In dialysis-dependent patients, cardiac surgery has become significantly safer in recent years, but the overall prognosis of the patients remains poor. The observed improvements in the perioperative survival do not necessarily translate into an improved long-term prognosis. Diabetes mellitus is an important independent risk factor for perioperative mortality and death during follow-up.

摘要

背景

依赖透析的患者进行心脏手术的风险很高,但关于生存的决定因素知之甚少。我们开展了一项回顾性多中心研究以克服这一局限性。

方法

九个中心提供了522例(70%为男性,年龄61±11岁)慢性依赖透析的肾衰竭患者的数据。涵盖了14年的时间段。大多数患者接受了冠状动脉搭桥术,其中部分患者(n = 103)同时进行了瓣膜手术,部分患者(n = 326)未进行瓣膜手术。
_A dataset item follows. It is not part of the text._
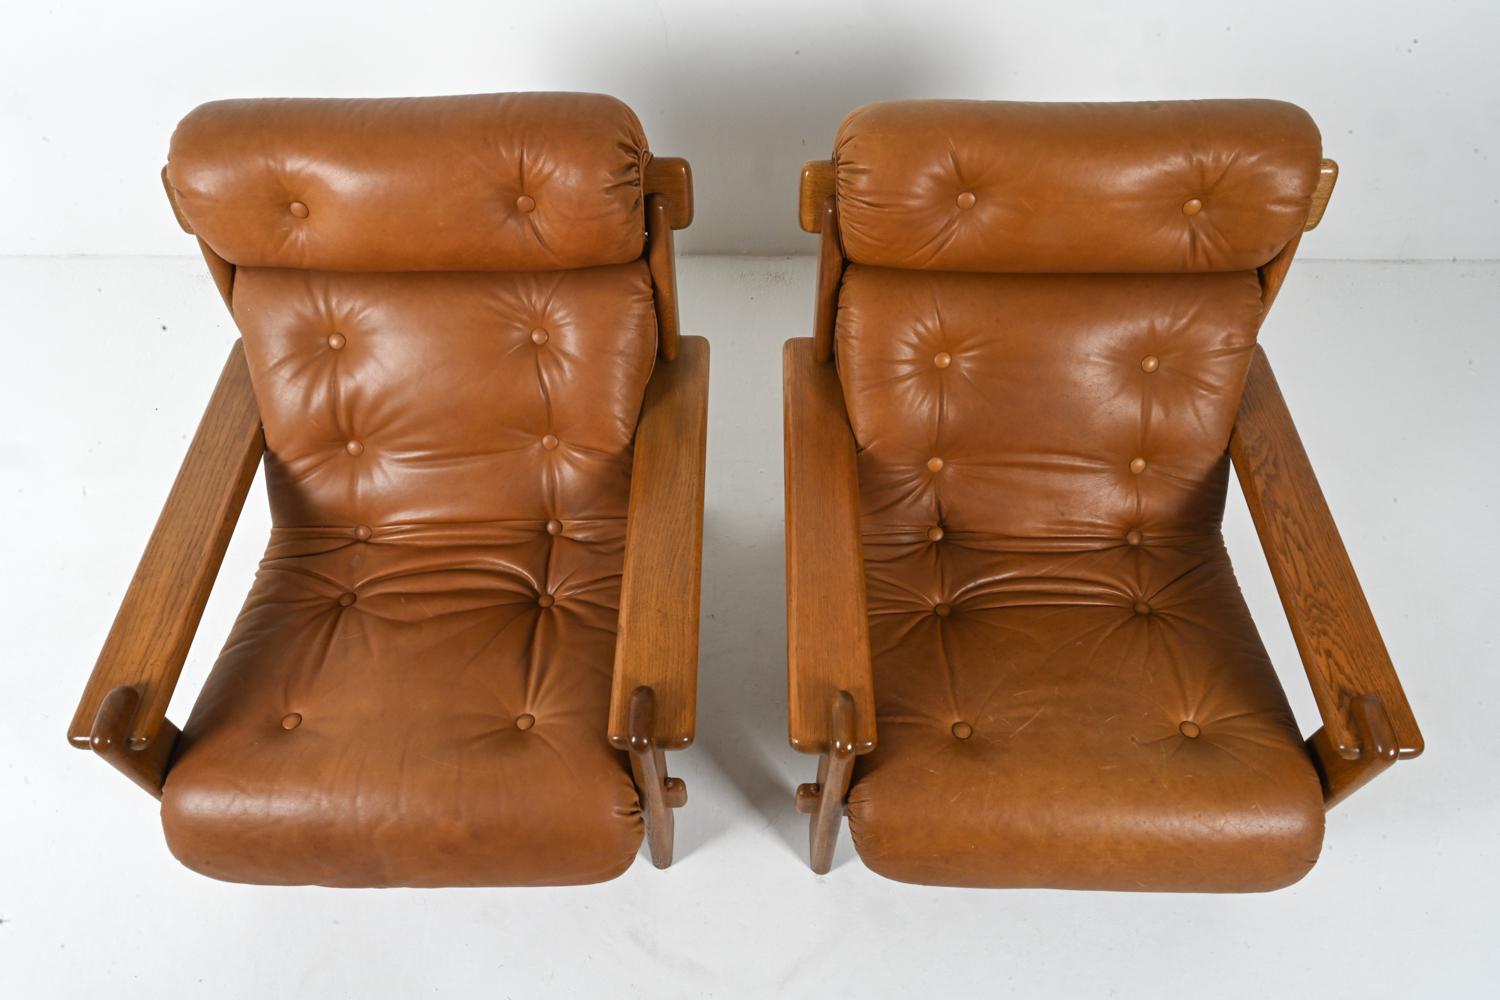 Pair of European Brutalist Armchairs in Oak & Leather, c. 1970's For Sale 1
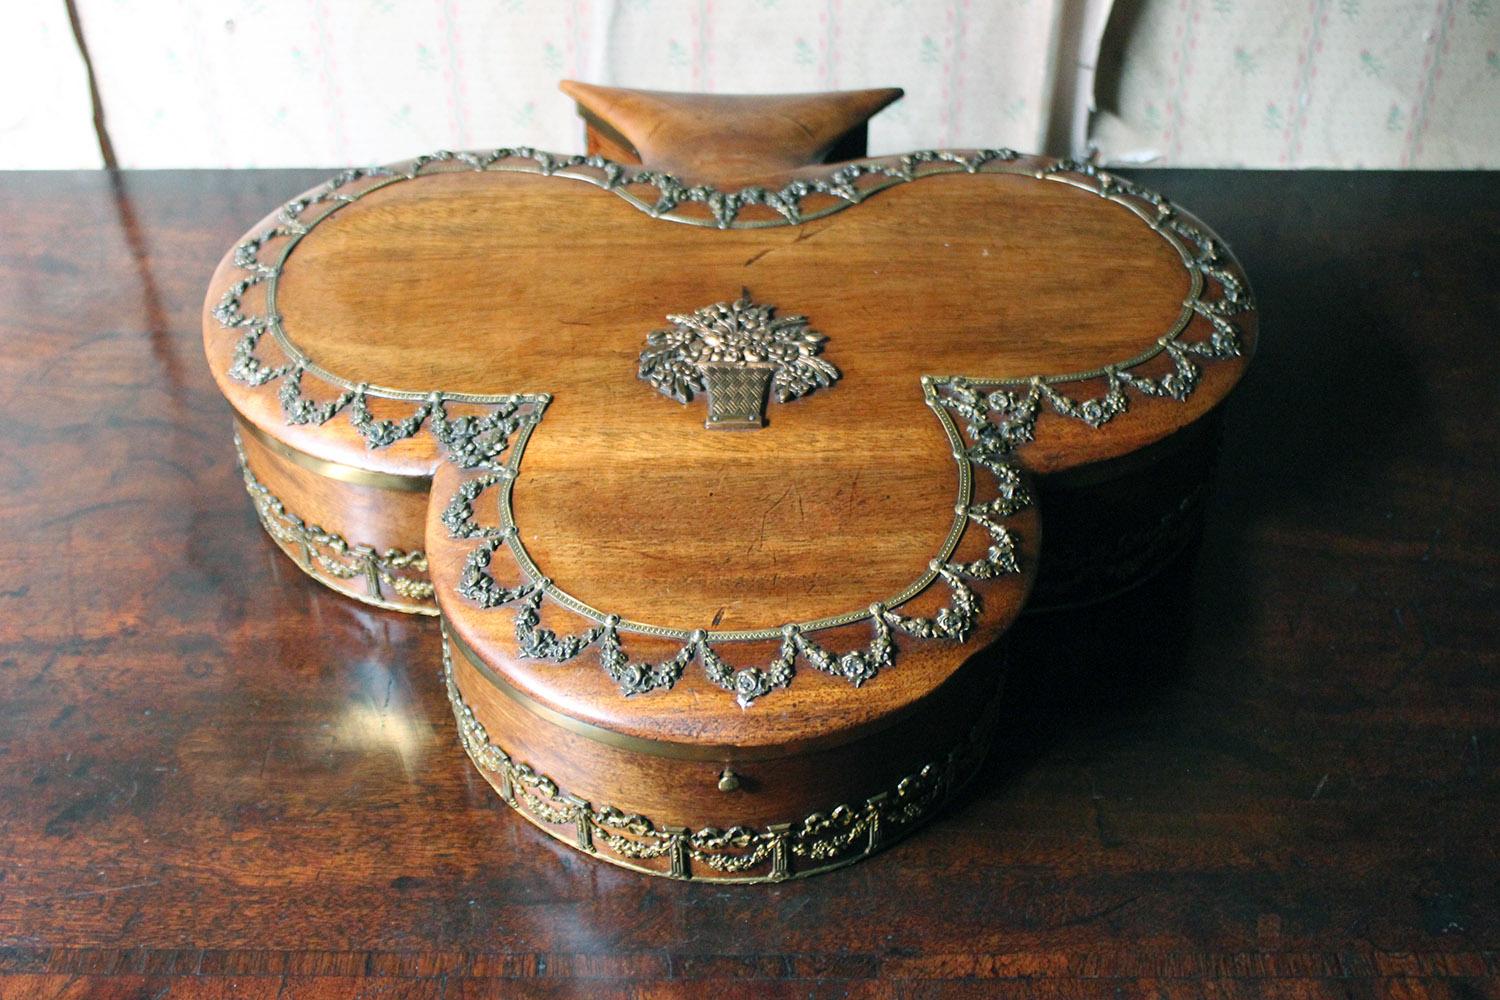 Northern Irish Unusual Mahogany and Brass Sewing Box Formed as a Clover, circa 1830

使用Cox模型对生存情况进行多变量分析。

结果

糖尿病患者的比例显著增加(从1989年至1993年的17%增至2000年至2003年的32%;p = 0.021),且与30天死亡率独立相关(比值比 = 3.30,p = 0.001)。30天平均死亡率为12%(n = 60),但在研究期间显著下降(从1989年至1993年的28%降至2000年至2003年的7%;p = 0.003)。5年生存概率为42%(95%置信区间:36%至47%)。随访期间接受肾移植的患者(n = 17)生存概率最佳(风险比[HR] = 0.14,p = 0.007)。窦性心律(HR = 0.48,p < 0.001)和使用胸廓内动脉移植物(HR = 0.67,p = 0.006)被证明对长期生存有益。长期随访期间死亡的预测因素为急诊手术(HR = 2.25,p = 0.001)、糖尿病(HR = 1.46,p = 0.020)、异体输血次数(HR = 1.03/单位,p = 0.015)和年龄(HR = 1.04/岁,p < 0.001)。

结论

在依赖透析的患者中,近年来心脏手术已显著更安全,但患者的总体预后仍然很差。围手术期生存的观察到的改善并不一定转化为长期预后的改善。糖尿病是围手术期死亡率和随访期间死亡的重要独立危险因素。